Boiler temp for brewing is stated to ideally be between 109 and 111 celcius, my Silvia reaches bang on 110 so happy with that.

BUT, can anyone guess what temp the boiler drops to before the heater kicks back in?????? The difference between the two temperatures being the deadband.

Have a go, go on, no prizes other than to be classified as a clever sort.

Don ( I will of course reveal all later)


----------



## Glenn (Jun 14, 2008)

I'd guess that this drops to 69c before kicking back in


----------



## sandykt (Dec 3, 2009)

You've got me there. Not a clue!! But interested to know the answer.


----------



## BanishInstant (Oct 12, 2009)

I guess in the 90's


----------



## FurryCup (Jun 10, 2010)

I'll go for 69 also. Think I saw it on the net somewhere.


----------



## DonRJ (Apr 3, 2010)

OK its not as low as 69c, I think 69 has another connotation though.

The boiler temp drops to 85c before the heater kicks in, climbs to 103c before it stops heating and about 10 seconds later the residual heat in the element brings the temp up to 110c

Thats a deadband range of 25c, pretty wide and just shows the importance of timing the shot production with the Silvia. These figures were from a fully warmed up for 1 hour machine, I found that when the machine had not been preheated it does not get up to 110c until a few cycles of heating, approx 25 minutes.

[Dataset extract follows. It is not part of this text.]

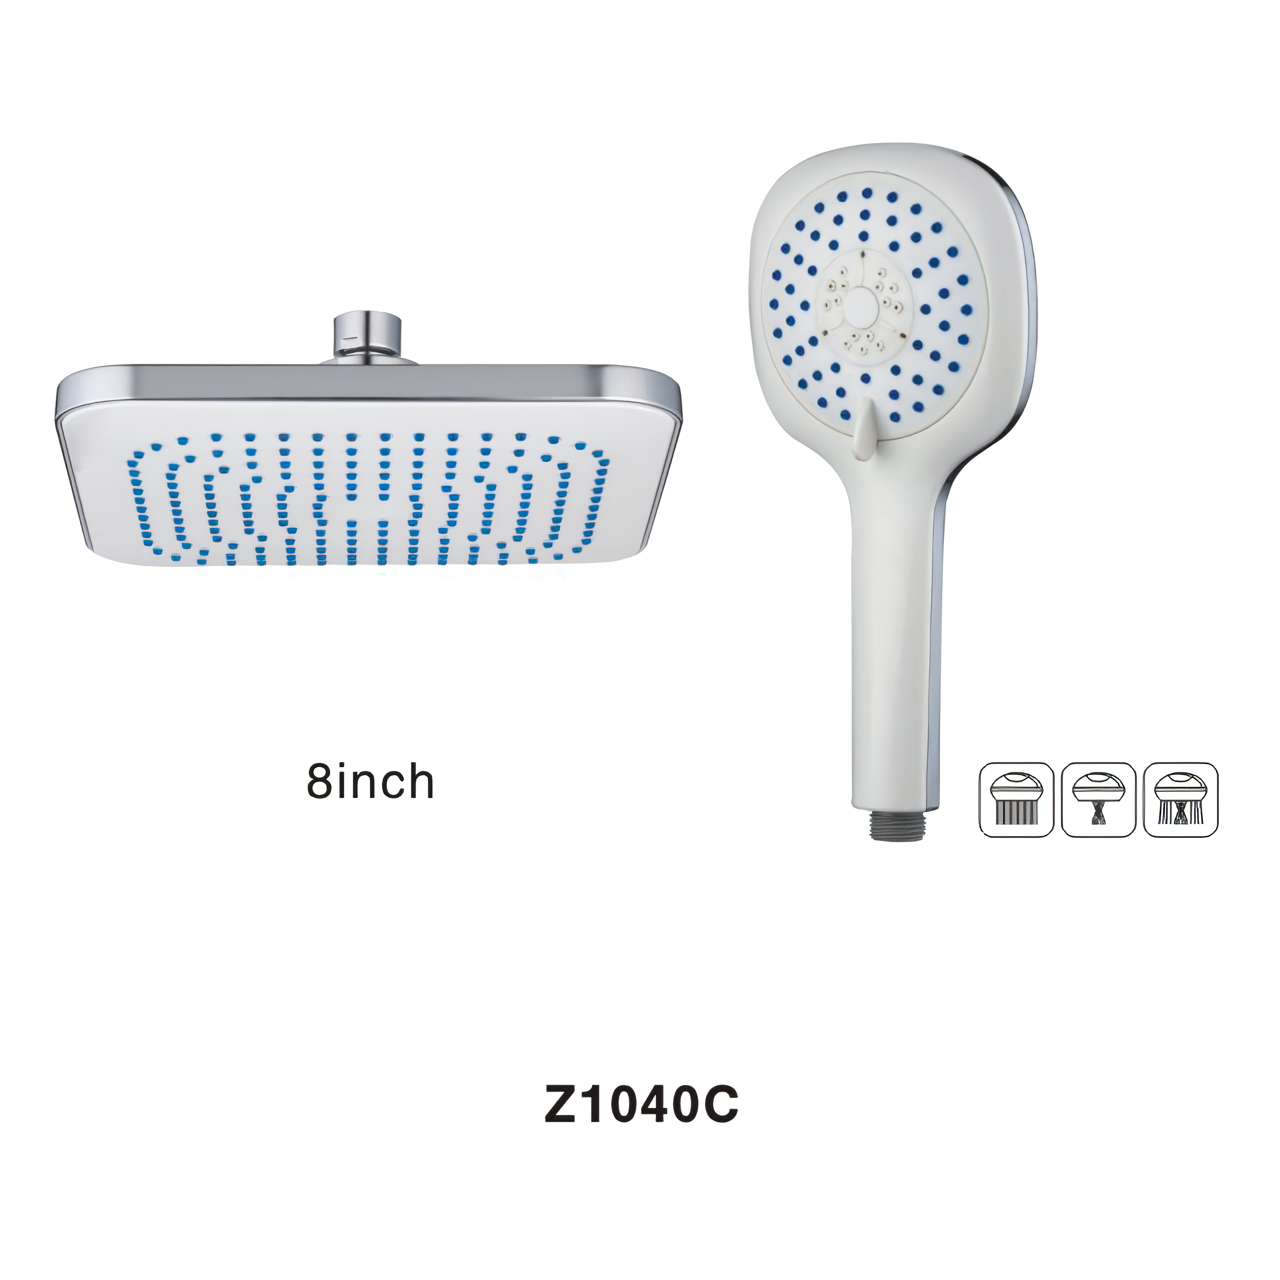 What are the key factors influencing consumer preferences in the selection of a Bathroom Shower Head?

With the new thermometer I can check temp at top of boiler cycle and nail the shots, good eh and all for six quid including a thermally conductive fixing pad for the thermocouple which comes ready fitted.

Don


----------



## DonRJ (Apr 3, 2010)

Some more thought on my experiments.

I will be measuring the temperature drop during the brewing cycle and recovery time to full temperature over the next few days.

Don


----------



## BanishInstant (Oct 12, 2009)

Can you measure the temperature coming out of the brewhead? Surely that is the important bit? Is the temperature consistent enough for a shot?


----------



## DonRJ (Apr 3, 2010)

Yes can measure the brewhead temp by moving the thermocouple, will be monitoring temperature over a few runs to check this and consistency as you have mentioned. Need a few samples before coming to a conclusion.


----------